Inzwischen sollte jedem klar sein, dass er sich bei Facebook und Co bis auf die Unterhose auszieht. Dennoch nehmen die meisten Nutzer lieber die Verletzung ihrer Privatsphäre in Kauf, als sich von der Sphäre der sozialen Medien abzukoppeln – dabei gibt es Alternativen.
Einen mittelschweren Hype löste etwa im vergangenen Jahr Ello aus – ein von einem Startup aus Vermont gegründetes Netzwerk, das sich Werbefreiheit und Datenschutz auf die Fahnen geschrieben hat. So verpflichten sich die Macher feierlich, Nutzerdaten nicht an andere Unternehmen weiter zu verkaufen und keine Werbung dritter Parteien zuzulassen. Eine Klarnamenspflicht gibt es nicht, Pseudonyme sind hier gern gesehen. Die aufdringliche Inszenierung als „Anti-Facebook“ wird von manchen allerdings kritisiert.

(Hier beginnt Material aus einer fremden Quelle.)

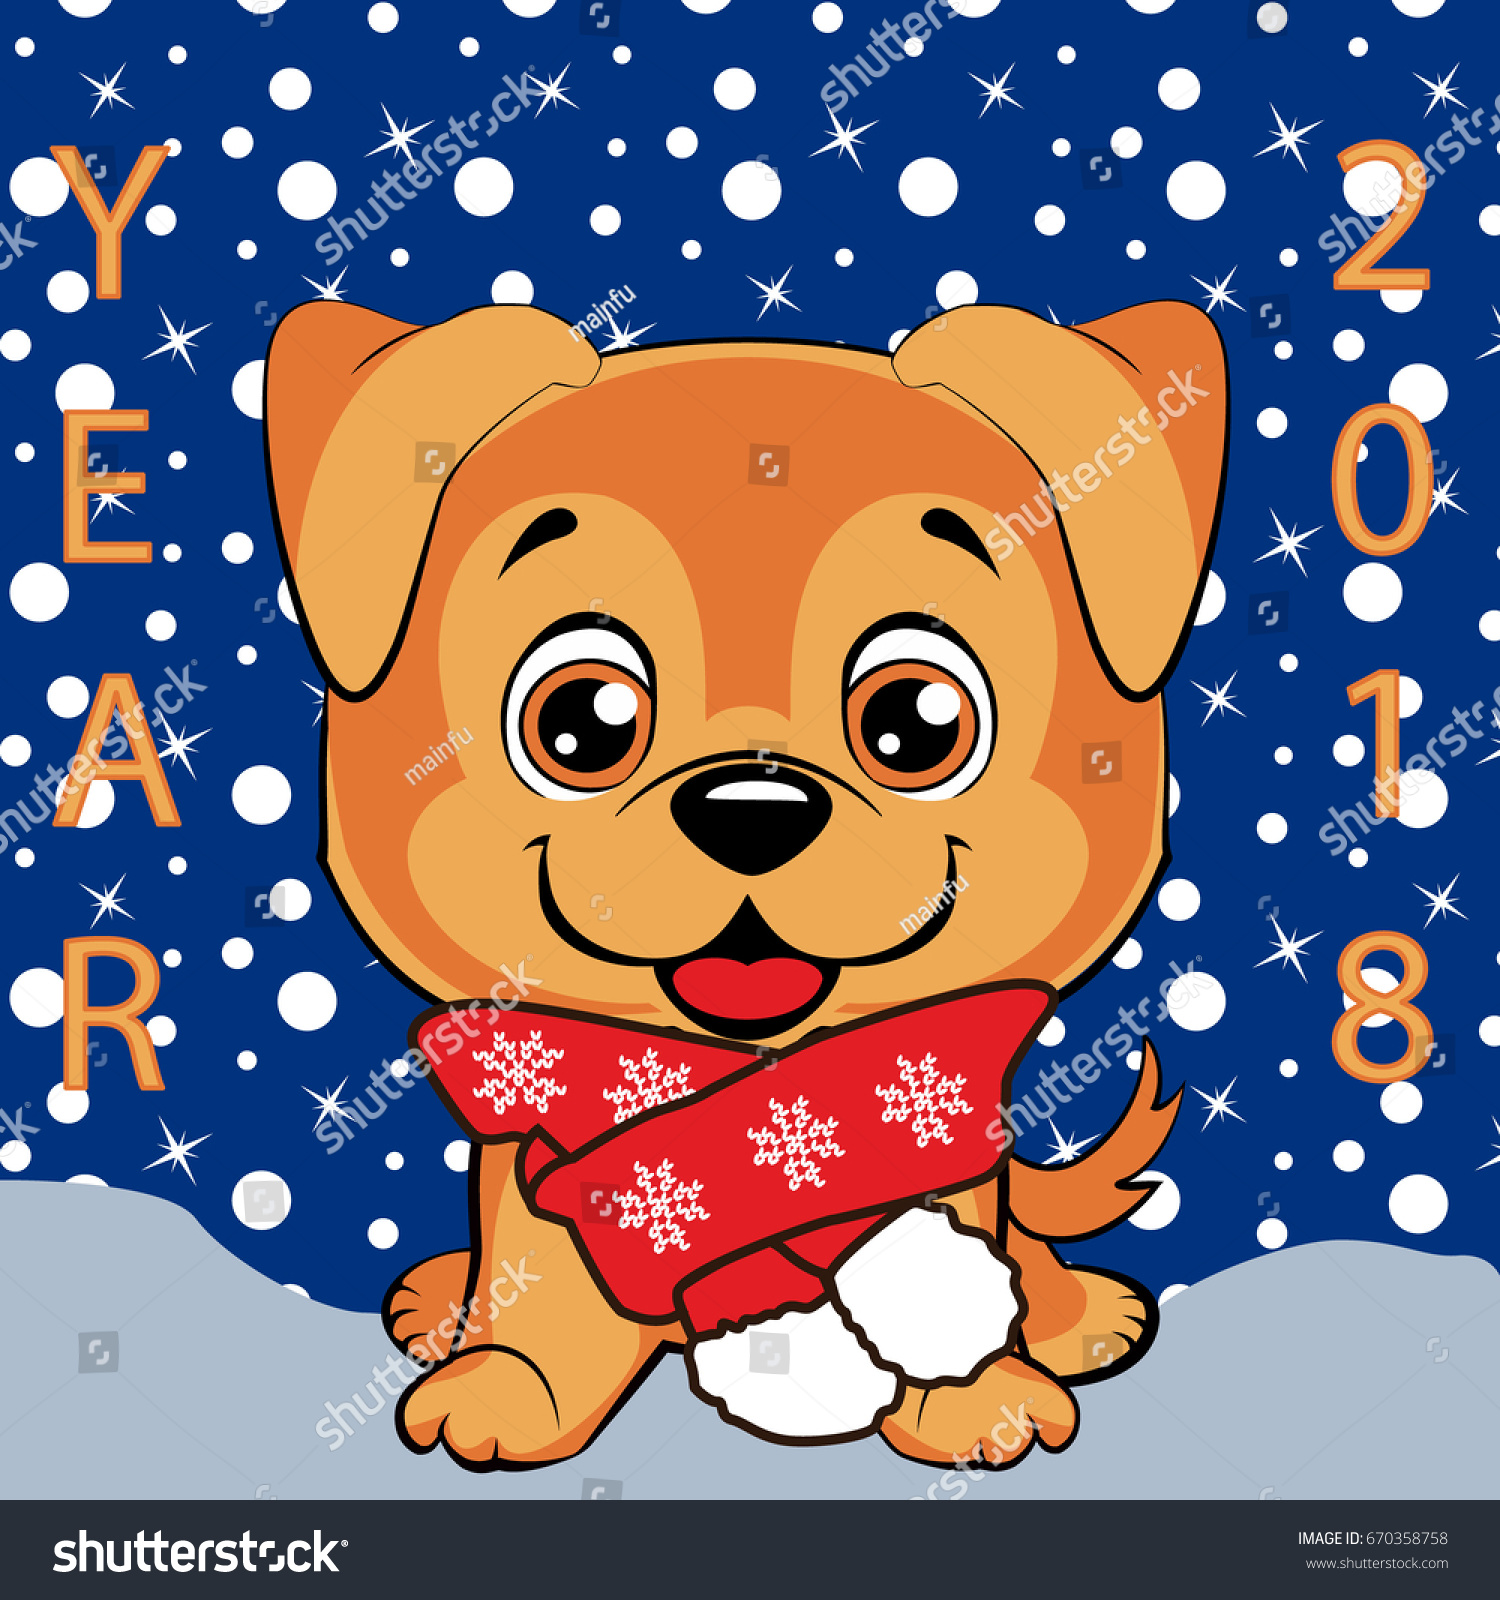 New Year 2018 Doggy Happy Dog Stock Vector 670358758 ...

Bereits 2010 erschien Diaspora auf dem Plan. Der Unterschied zum großen Konkurrenten besteht hier darin, dass die Daten nicht in einem zentralen Rechner, sondern in einem Netzwerk von privaten Servern gespeichert werden, „Pods“ genannt. Der Nutzer kann entscheiden, auf welchem Pod seine Daten gespeichert werden und behält dadurch die Kontrolle über sie. Das macht die Installation allerdings kompliziert und erfordert technische Vorkenntnisse, weshalb Diaspora bis heute eine Nische für technisch Interessierte geblieben ist.

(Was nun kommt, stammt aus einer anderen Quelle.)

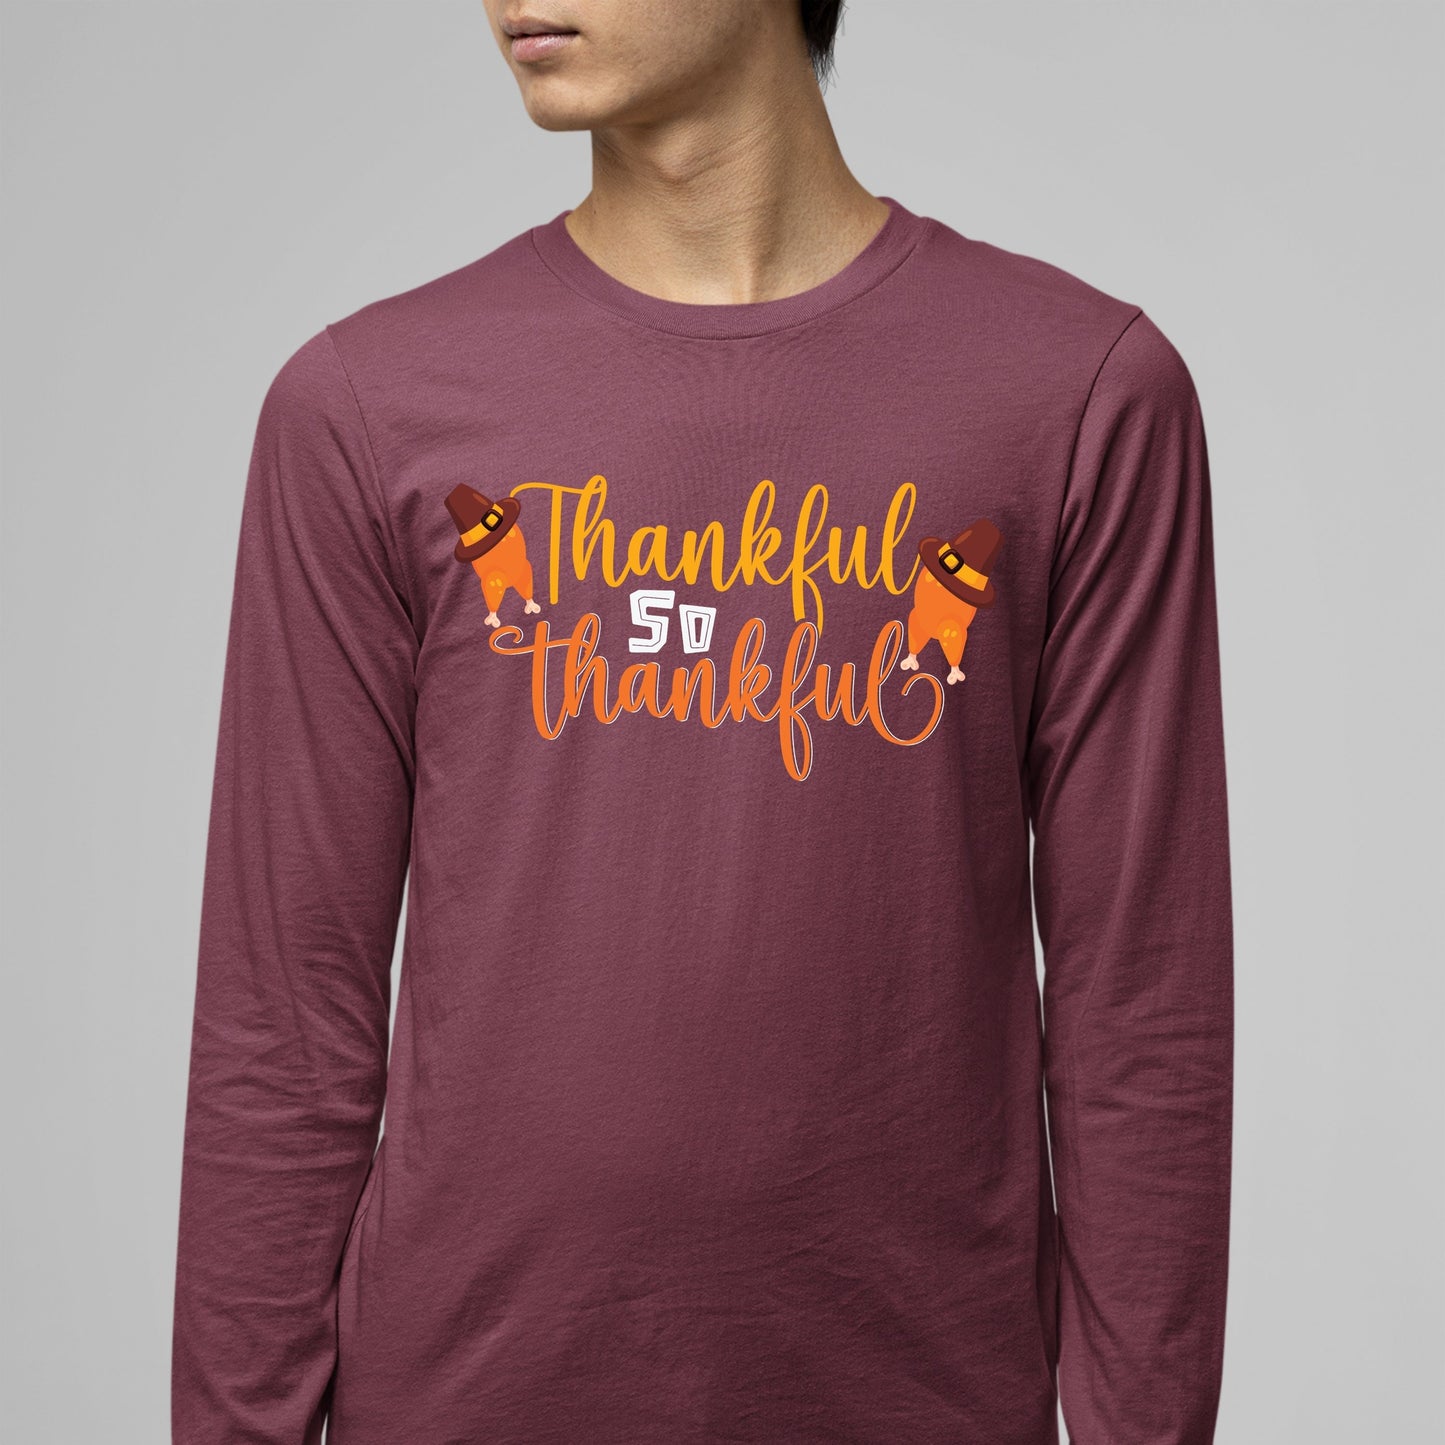 Thankful So Thankful, Thanksgiving Sweatshirt, Thanksgiving Sweater for Men, Thanksgiving Gift Ideas, Cute Thanksgiving

Dieses Manko will der neueste Mitbewerber Whispeer beheben – ein Startup aus Berlin, das erst in diesem Frühjahr an die Öffentlichkeit ging. Whispeer bietet erstmals eine „Ende-zu-Ende“-Verschlüsselung an, was bedeutet, dass nur Sender und Empfänger Zugriff auf die Daten haben, nicht aber der Betreiber des Servers. Anders als Diaspora soll Whispeer dank eines intuitiven Designs auch von Laien sofort nutzbar sein.
Ein Problem, vor dem Netzwerke wie Ello und Whispeer stehen, ist, dass mit der Werbung die „traditionelle“ Einnahmequelle sozialer Medien weg fällt. Ello arbeitet an einem Modell, bei dem der Zugang kostenfrei bleibt, die Nutzer jedoch für einige Funktionen zur Kasse gebeten werden sollen. Whispeer setzt für die Anfangsphase auf freiwillige Spenden der Nutzer. Andere Netzwerke, wie Pheed und Tsu, entwickeln Modelle, nach denen die Nutzer an den Einnahmen beteiligt werden – Zugkraft haben diese aber noch nicht entwickeln können.

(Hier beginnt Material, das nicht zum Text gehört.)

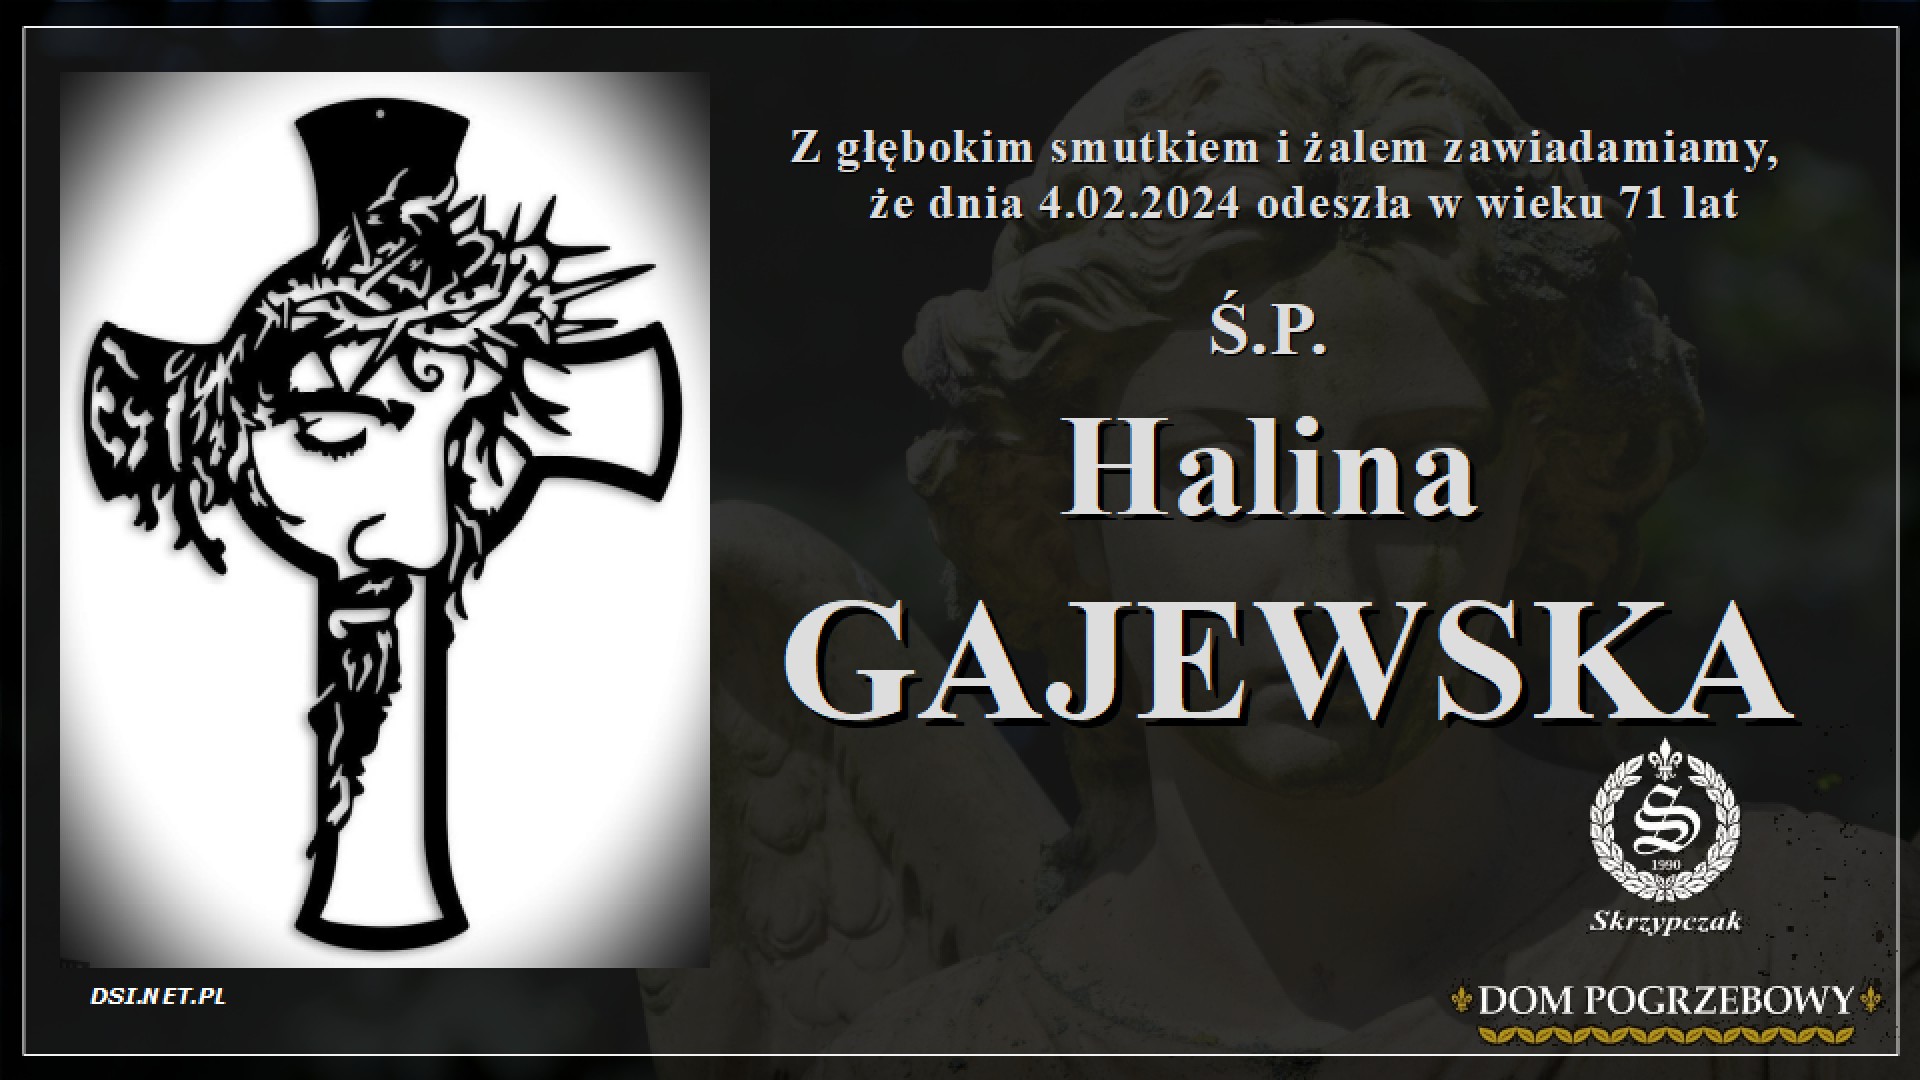 Ś.P. Halina Gajewska

Auch bei den Messengerdiensten gibt es Alternativen. Kurzfristig größere Bekanntheit erlangte etwa Threema, das sich als Alternative für wechselwillige Nutzer anbot, als Whatsapp von Facebook übernommen wurde. Threema verwendet ebenfalls eine Ende-zu-Ende-Verschlüsselung, genauso wie die Konkurrenten Textsecure und Telegram. Letzterer zeigte jedoch, dass auch mit einer Verschlüsselung keine hundertprozentige Sicherheit geboten werden kann: Die Verschlüsselungstechnik von Telegram wurde bereits von mehreren Kryptographie-Experten für unzureichend erklärt.
Mit jeweils nur wenigen Millionen Usern führen alle diese Netzwerke neben den großen Konkurrenten noch ein Schattendasein. Dass das so bleibt, muss jedoch nicht sein, wie die Vergangenheit zeigt – der ein oder andere wird sich noch daran erinnern, dass hierzulande mal ein Netzwerk namens „StudiVZ“ den Markt beherrschte.